COMMUNITY COMPASS: CLA calls for equal treatment of local and foreign workers

ARTICLE 42: The CLA is trying to stop the practice of forcing local workers to take unpaid leave while foreigners work full-time

By Shelley Huang  /  STAFF REPORER


The Council of Labor Affairs recently issued official letters to industrial associations and local governments to emphasize that Taiwanese nationals and foreign workers who have similar jobs should not be treated differently.

The council cited Article 42 of the Employment Service Act (就業服務法), which says that no employment of foreign workers may jeopardize employment opportunities for nationals, their employment terms, economic development or social stability.


The council recently drew widespread criticism for failing to protect the jobs of Taiwanese, who are often forced to take unpaid leave during production slowdowns, while foreign workers keep regular working hours because their salaries are lower.

The council said the act would only apply to Taiwanese nationals and foreign workers who have similar job descriptions.

Under the same working conditions, if a Taiwanese national was told to take unpaid leave or was laid off while a foreign worker kept his or her job, it would be a violation of the act and the employer could face a fine.


Local labor bureaus will send officials to investigate if they receive complaints from workers reporting employer violations.

Violators of the act will be fined between NT$60,000 and NT$300,000.

In related news, the council intends to amend regulations that require manufacturers to import foreign laborers within six months of gaining approval.

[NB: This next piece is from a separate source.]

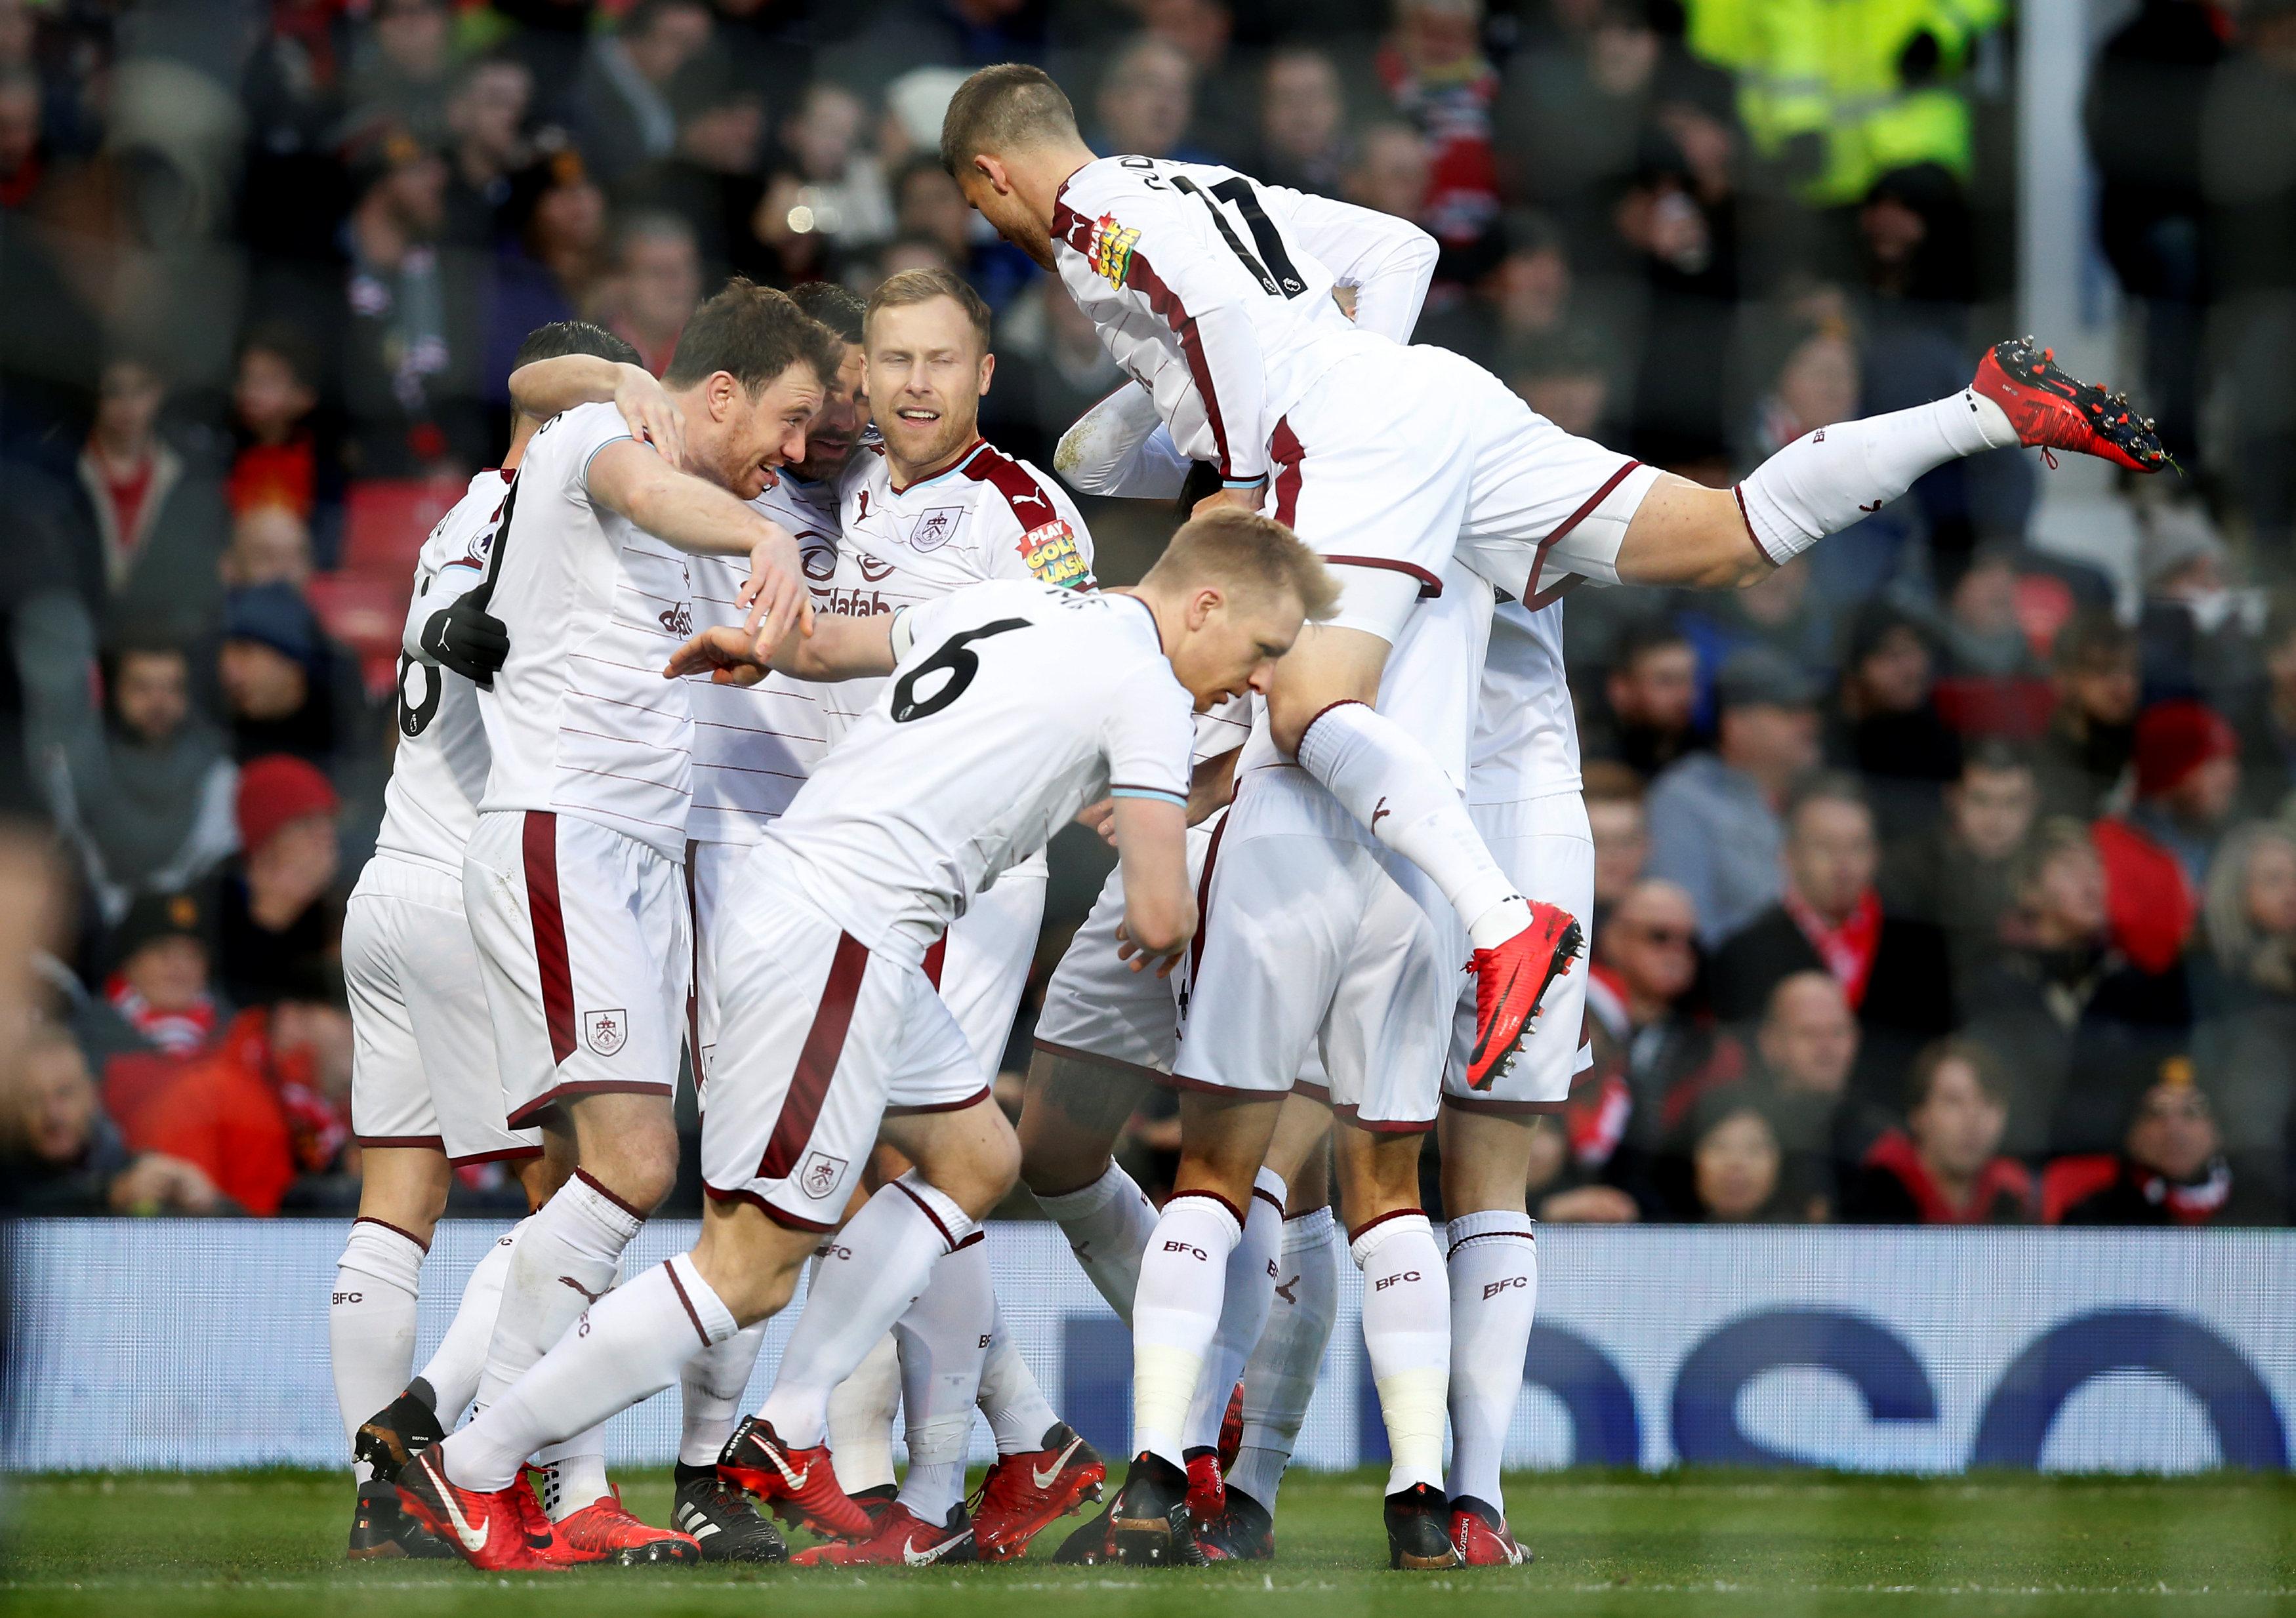 Niềm vui của các cầu thủ Burnley sau khi Barnes mở tỉ số. Ảnh: REUTERS

A council official said that under the current Employment Service Act, manufacturers are required to bring in foreign workers within six months of the approval, although some flexibility is allowed under special circumstances.

Some manufacturers recently petitioned the council to extend the six-month period, saying they had obtained approval last year to import workers.

But because of the economic slowdown, their demand for workers was not that urgent.

In response, the official said the council was drafting a plan to extend the six-month period on condition that the rights of local laborers is not compromised.

This means that “those employers should not lay off local laborers during the extended period,” the official said.